*Action item*:
Go through the listing and set it down exactly, leaving out its pictures.

**** Data shown

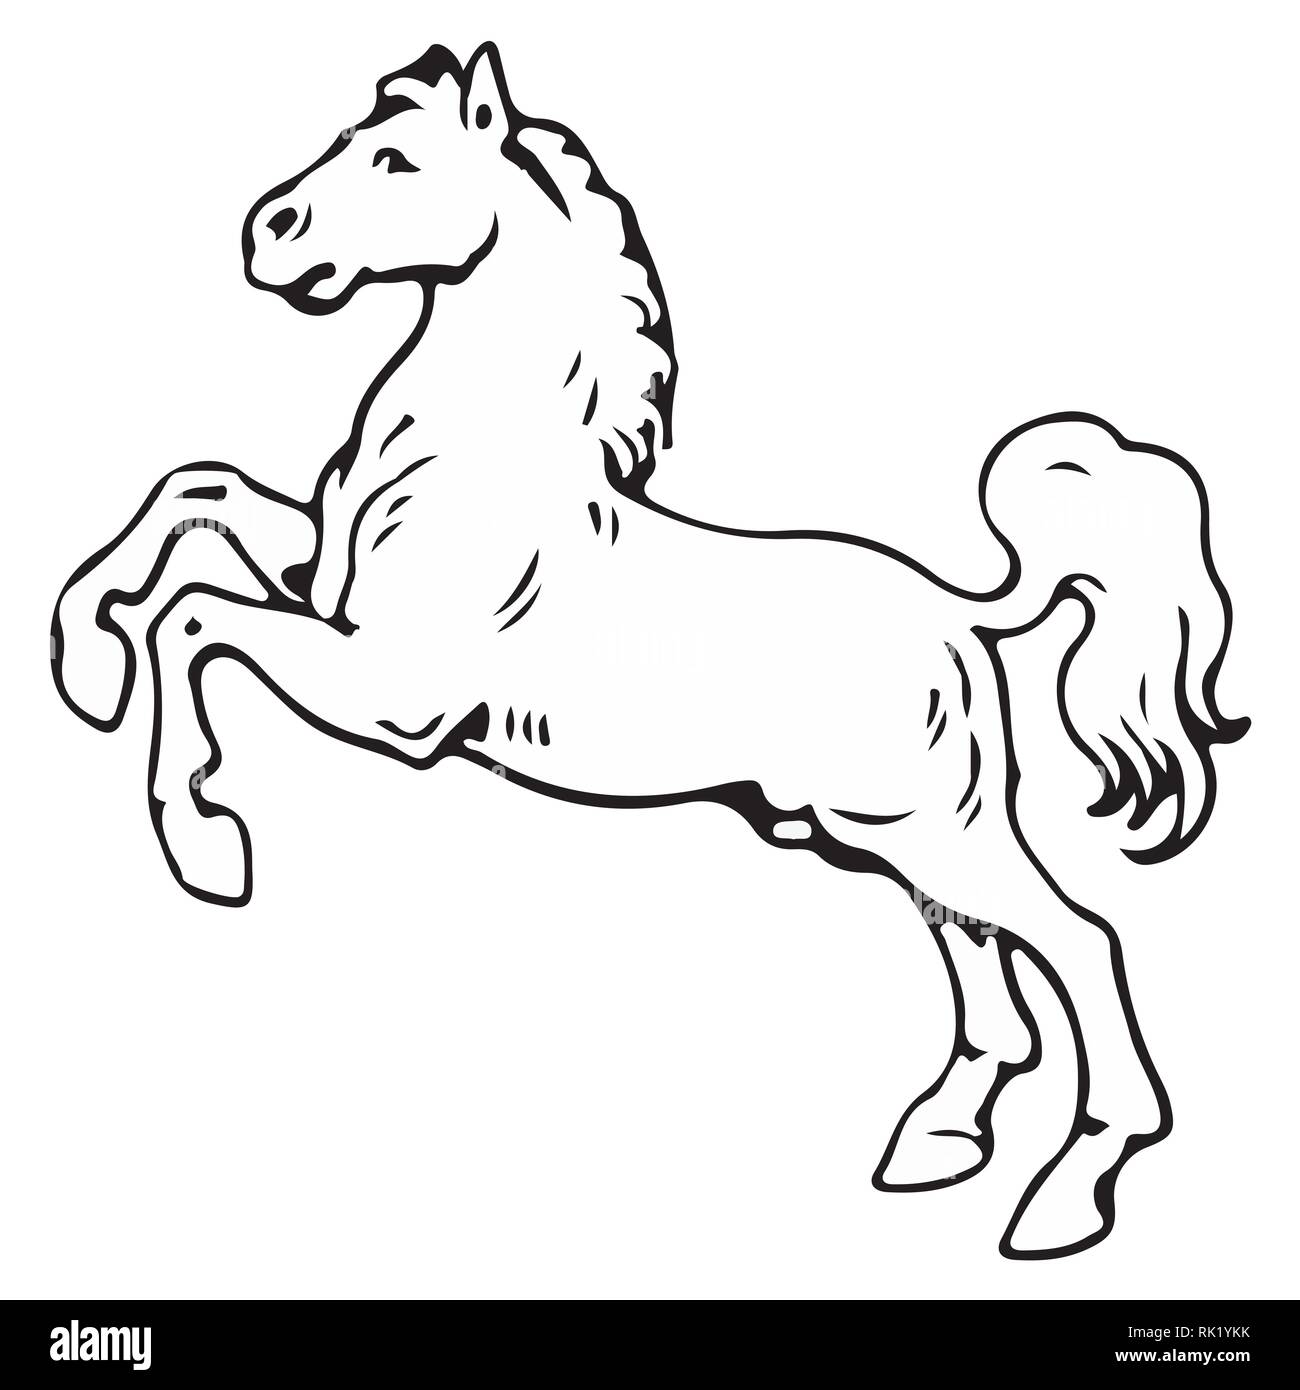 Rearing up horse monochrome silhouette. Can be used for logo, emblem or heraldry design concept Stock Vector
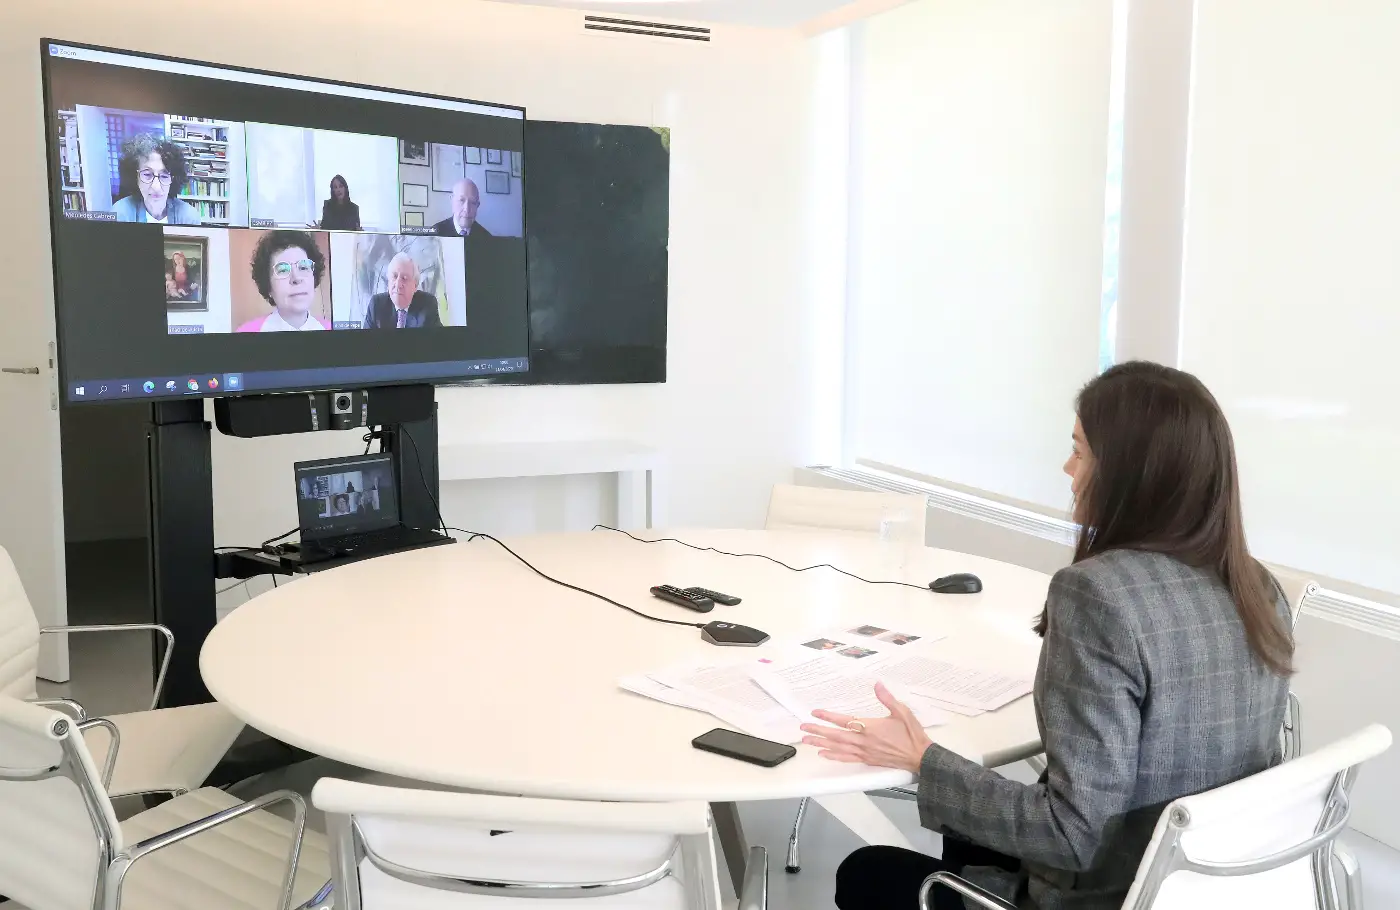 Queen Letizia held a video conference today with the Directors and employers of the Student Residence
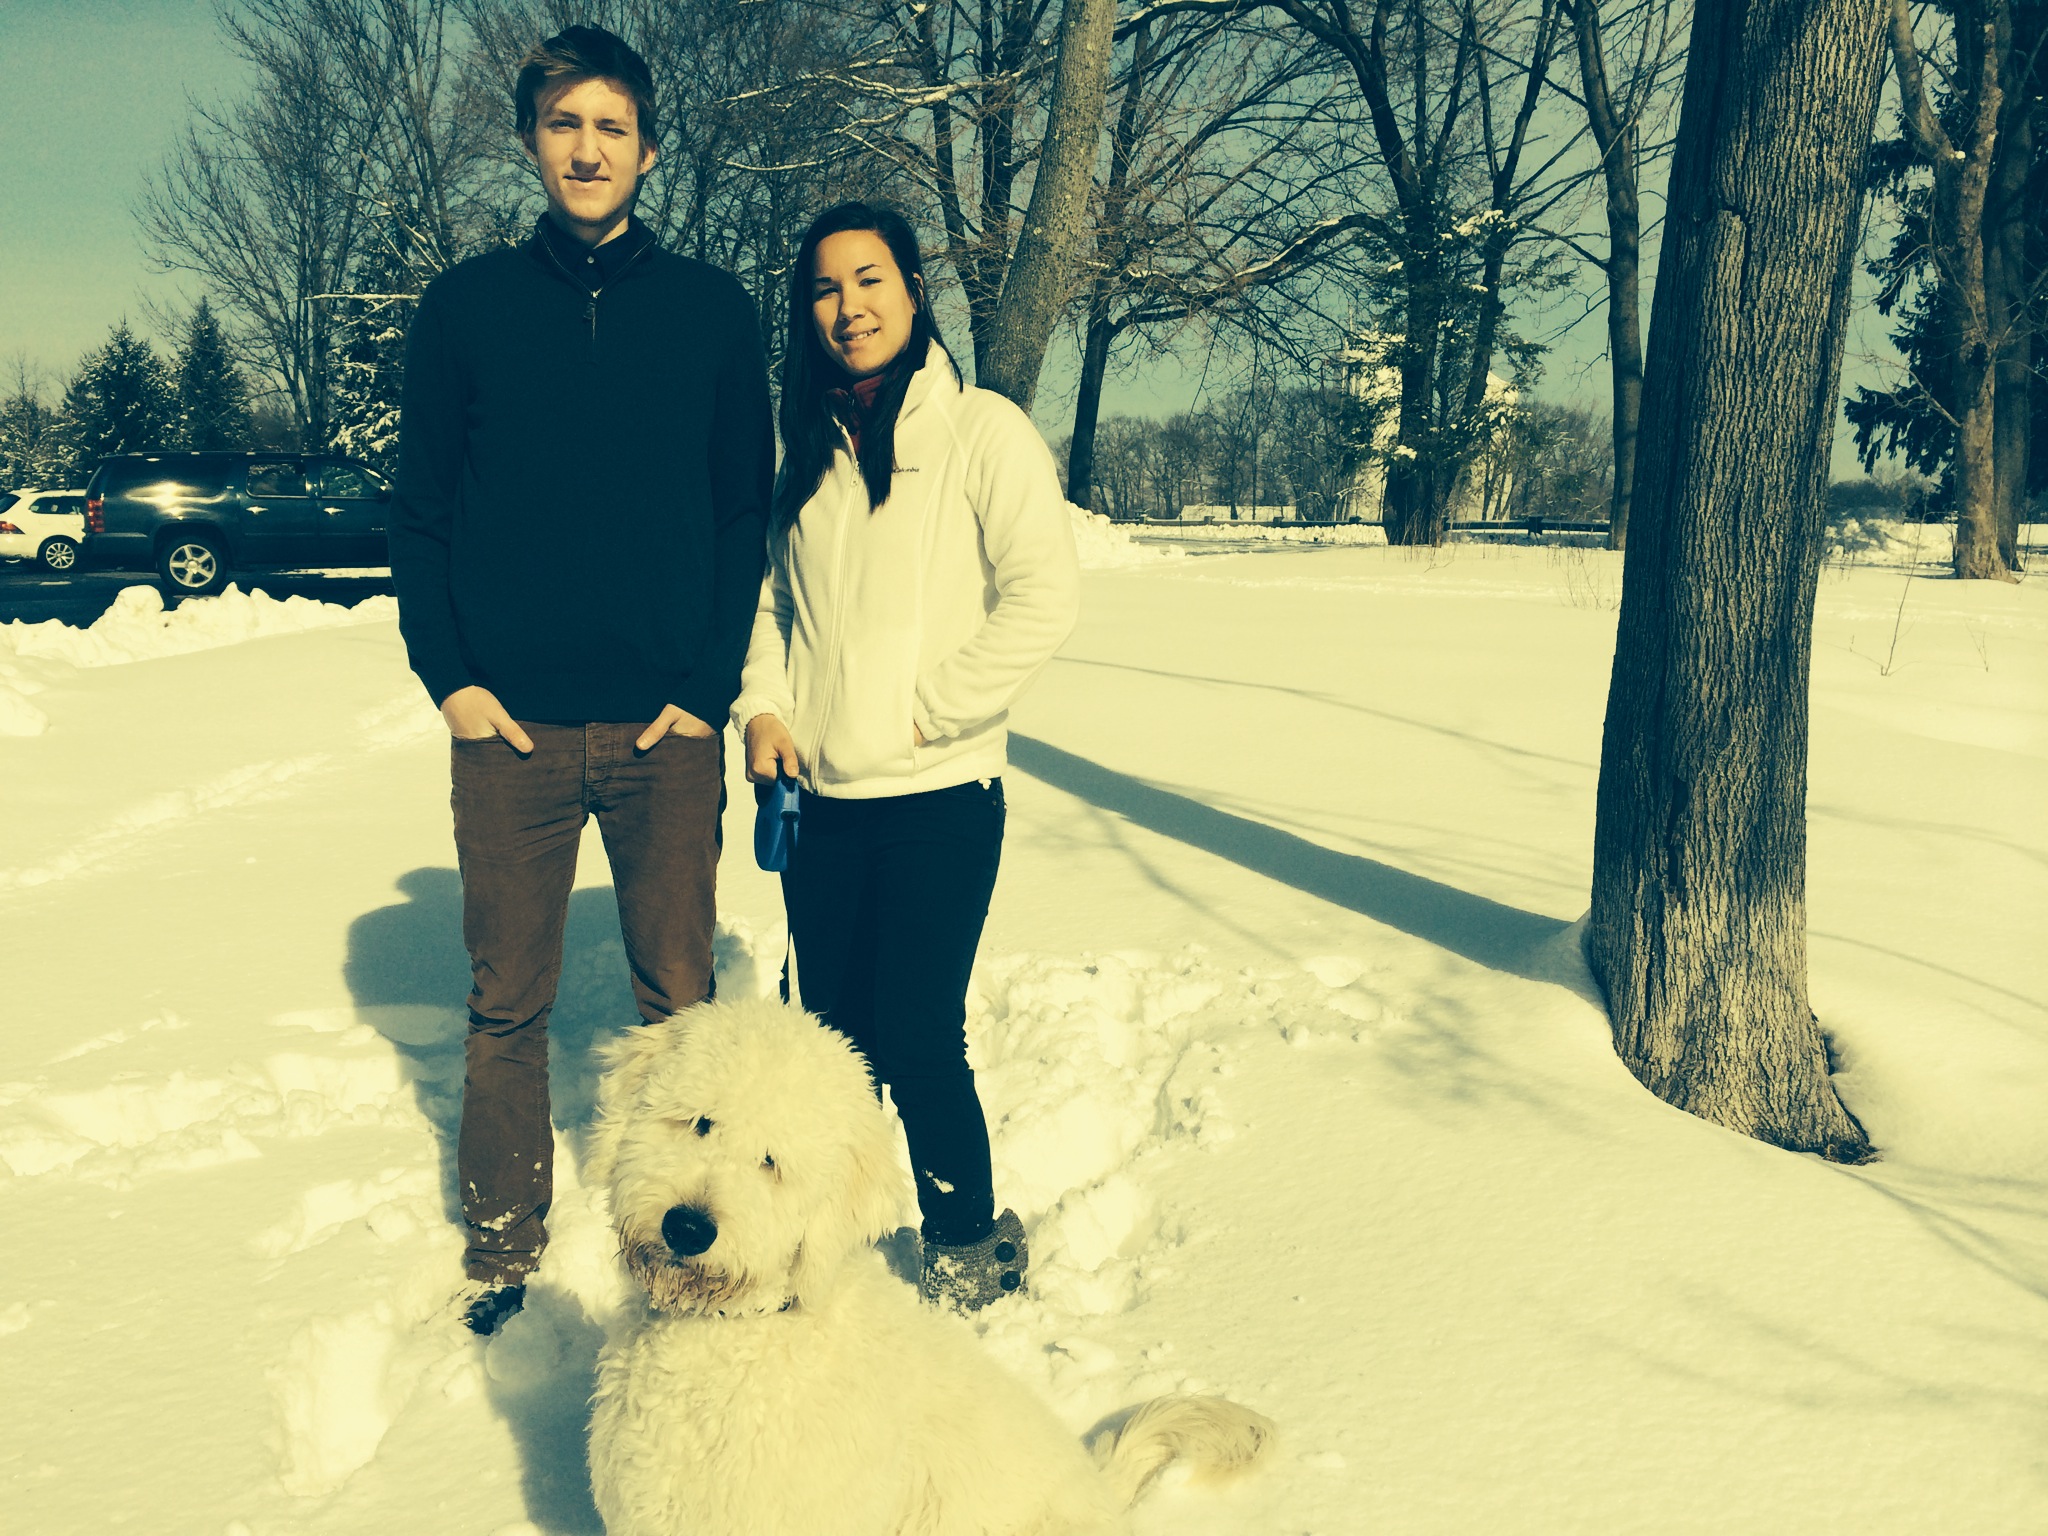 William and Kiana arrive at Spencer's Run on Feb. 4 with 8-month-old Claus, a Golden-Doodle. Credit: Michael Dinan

********

*Result for this exercise*:
 Rearing up horse monochrome silhouette. Can be used for logo, emblem or heraldry design concept Stock Vector
 Queen Letizia held a video conference today with the Directors and employers of the Student Residence
 William and Kiana arrive at Spencer's Run on Feb. 4 with 8-month-old Claus, a Golden-Doodle. Credit: Michael Dinan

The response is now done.